(Dataset content):

*** Begin section ***

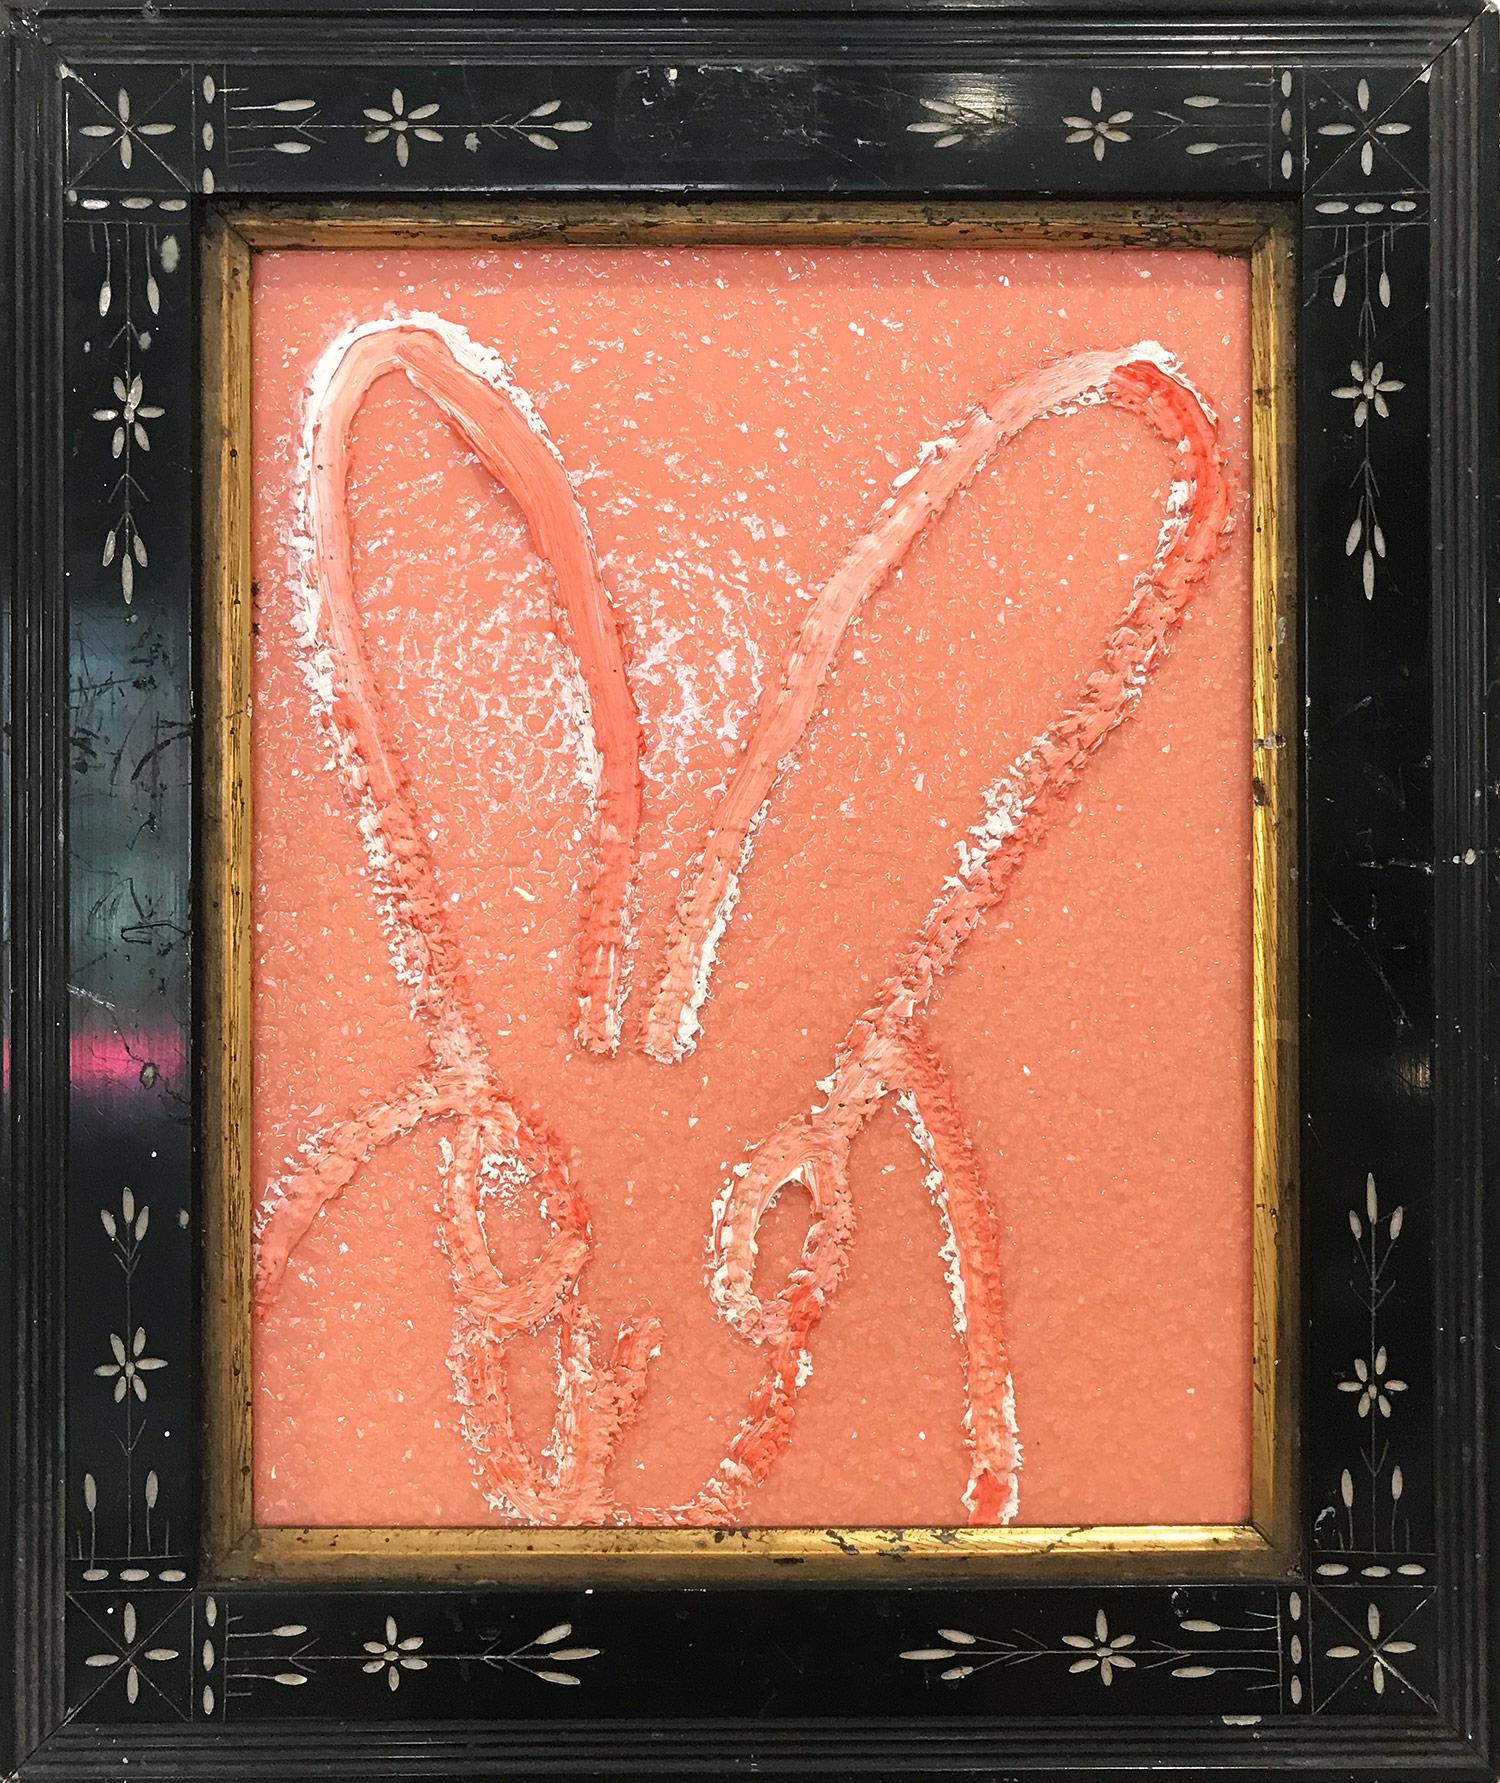 Hunt Slonem Abstract Painting - "Untitled" (Resin and Diamond Dust Bunny on Peach) Oil Painting on Wood Panel
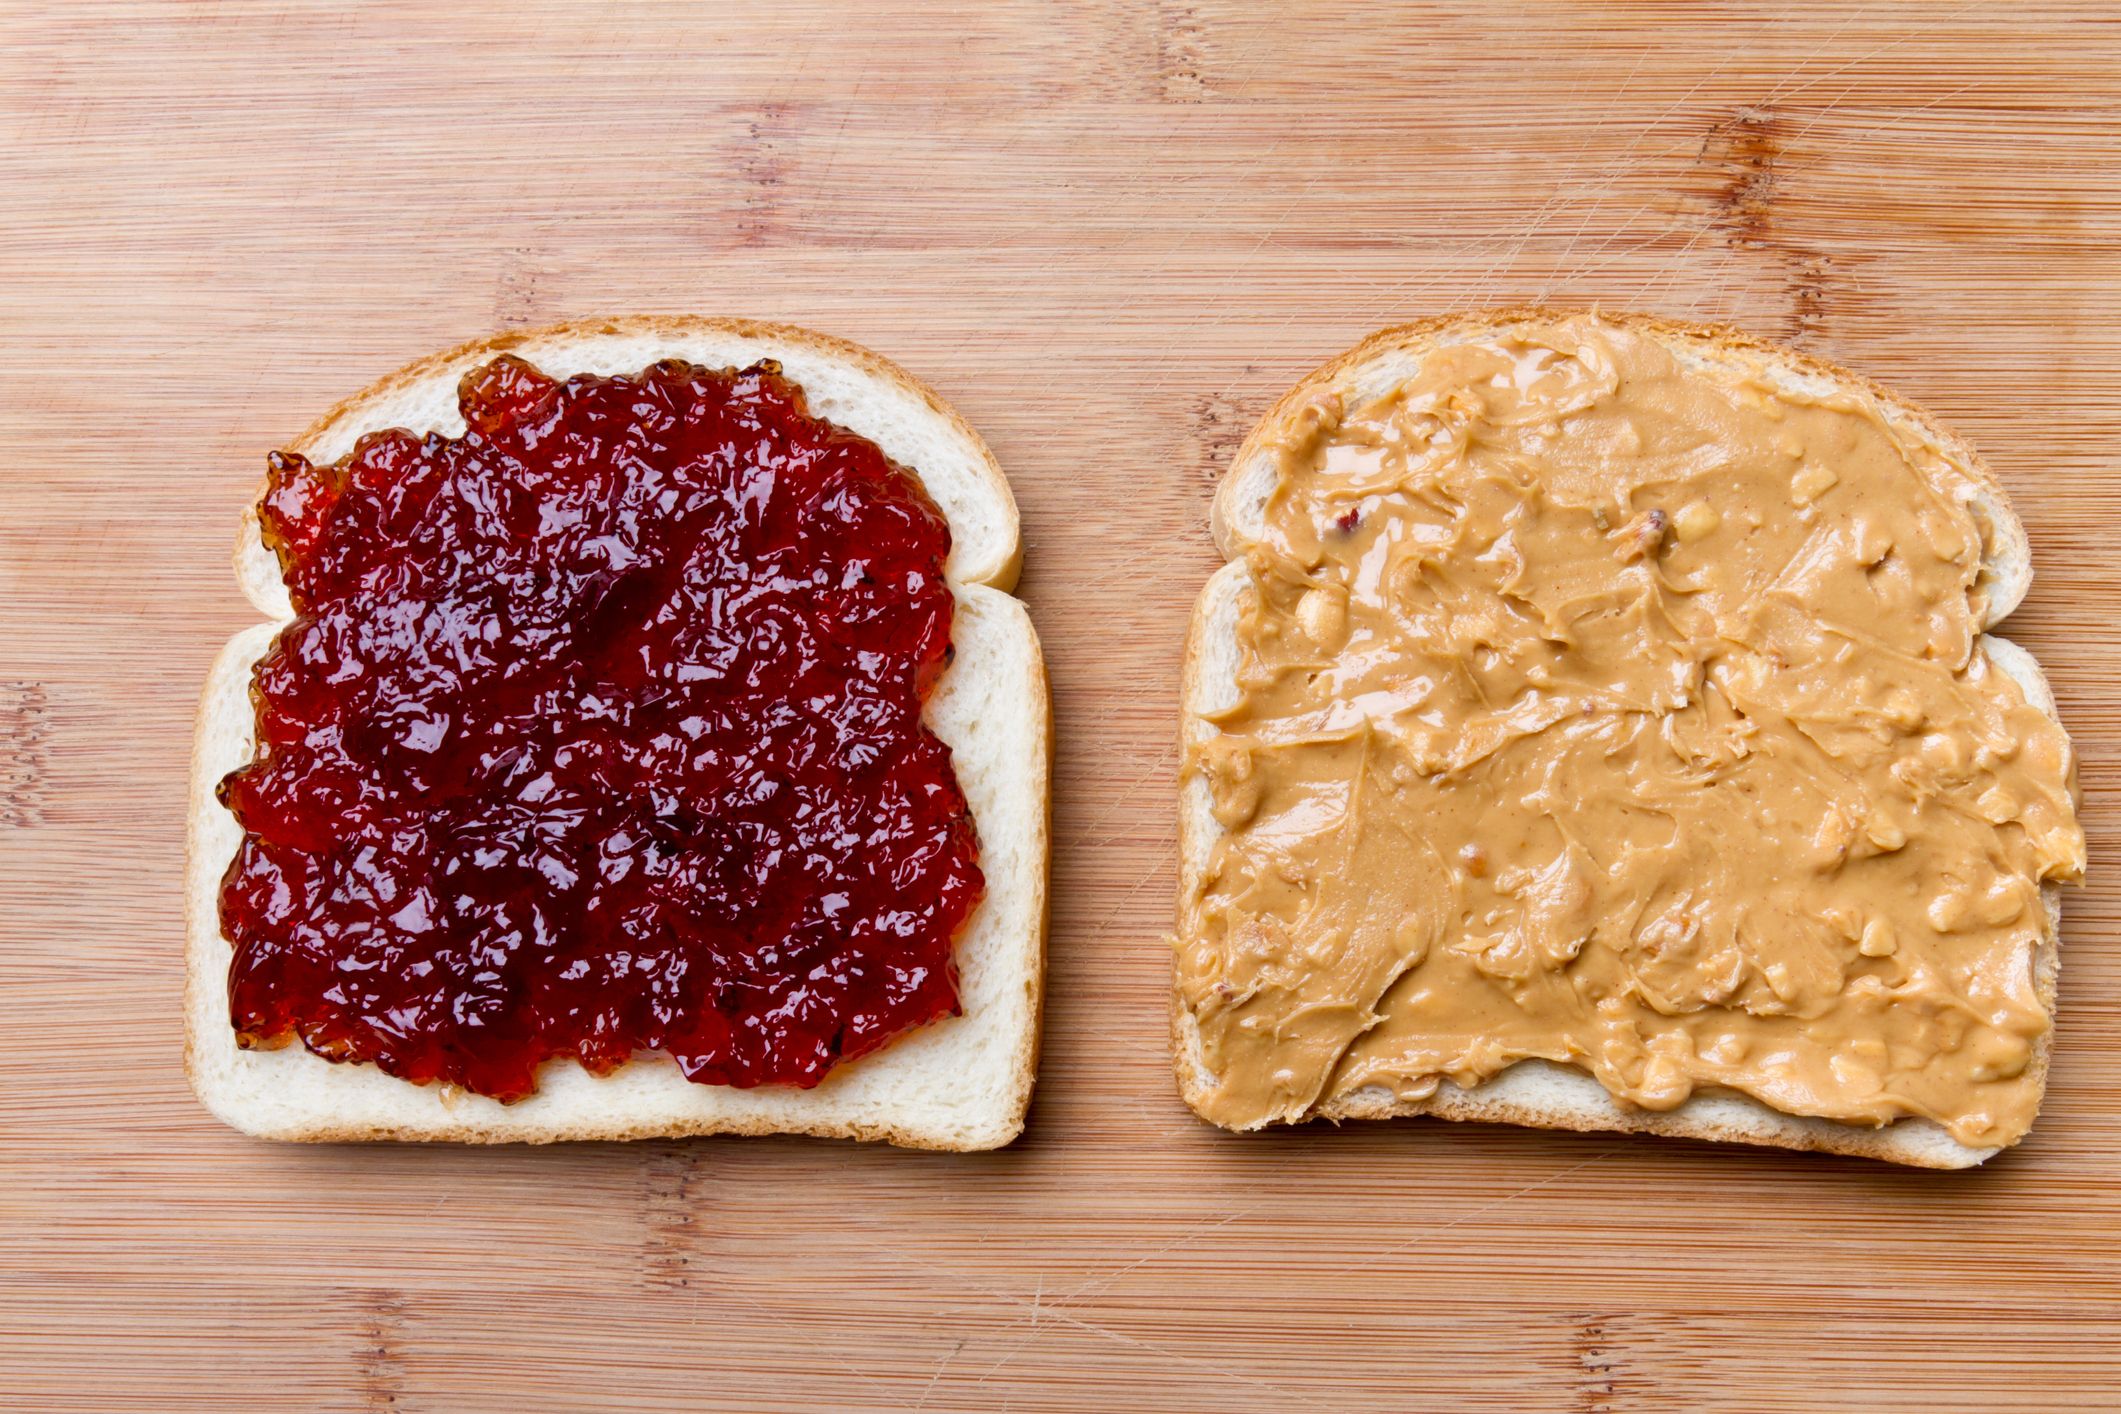 What is the difference between peanut butter and jam
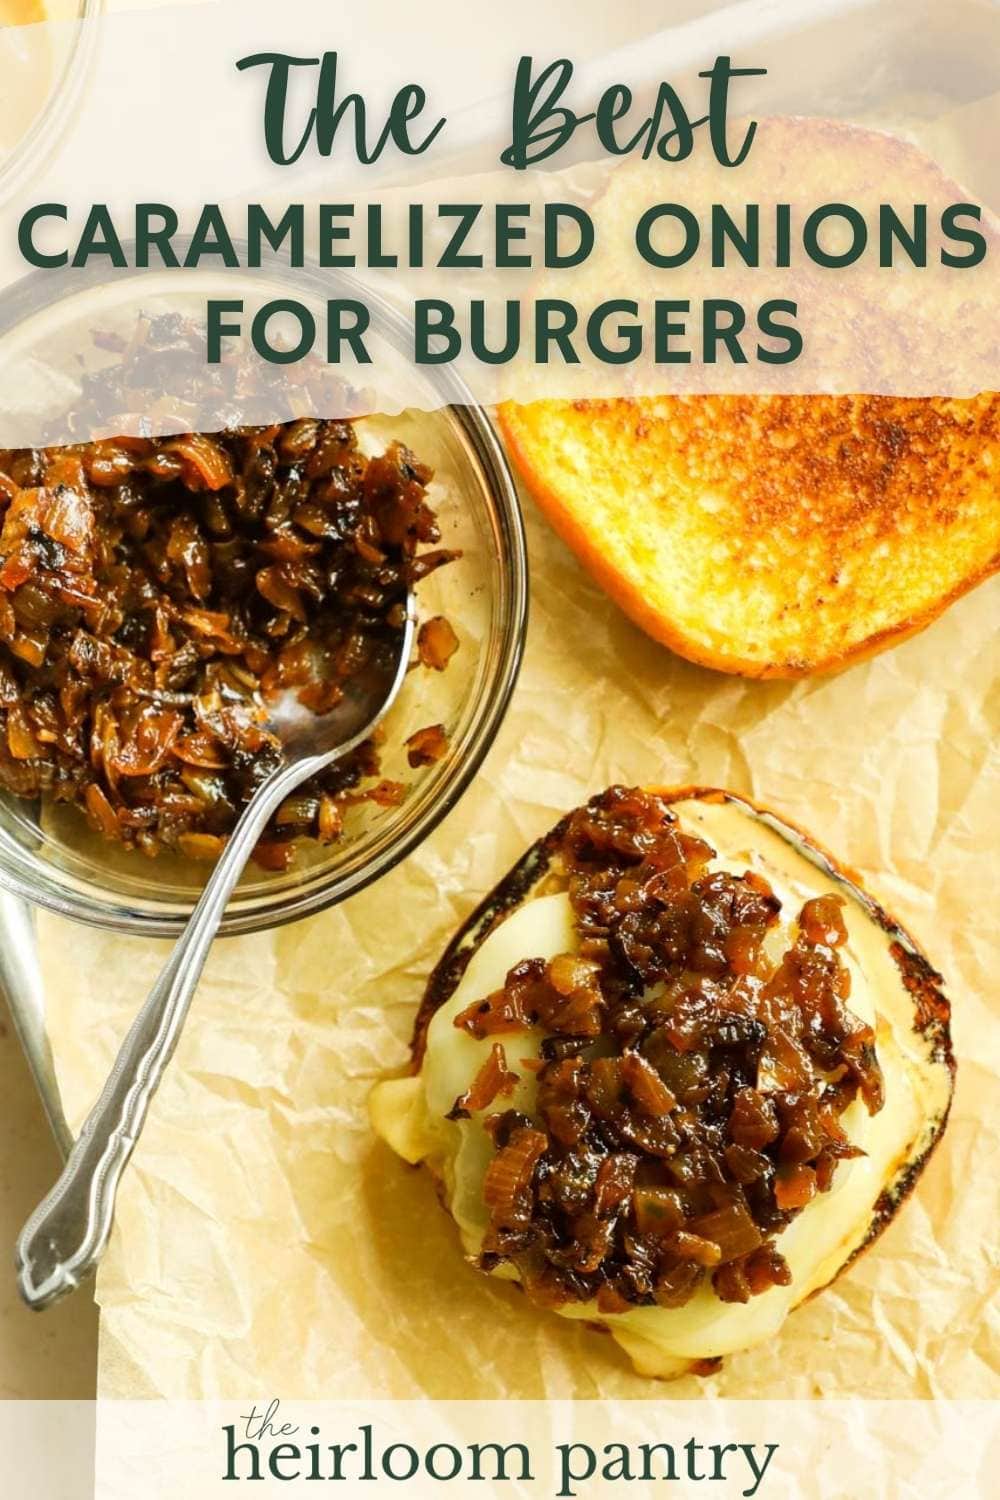 Pinterest pin for caramelized onions for burgers.

*** End section ***

(Assignment): Retype the material in full, exactly as written, and exclude the pictures.

(Output below):
 Hunt Slonem Abstract Painting - "Untitled" (Resin and Diamond Dust Bunny on Peach) Oil Painting on Wood Panel
 What is the difference between peanut butter and jam
 Pinterest pin for caramelized onions for burgers.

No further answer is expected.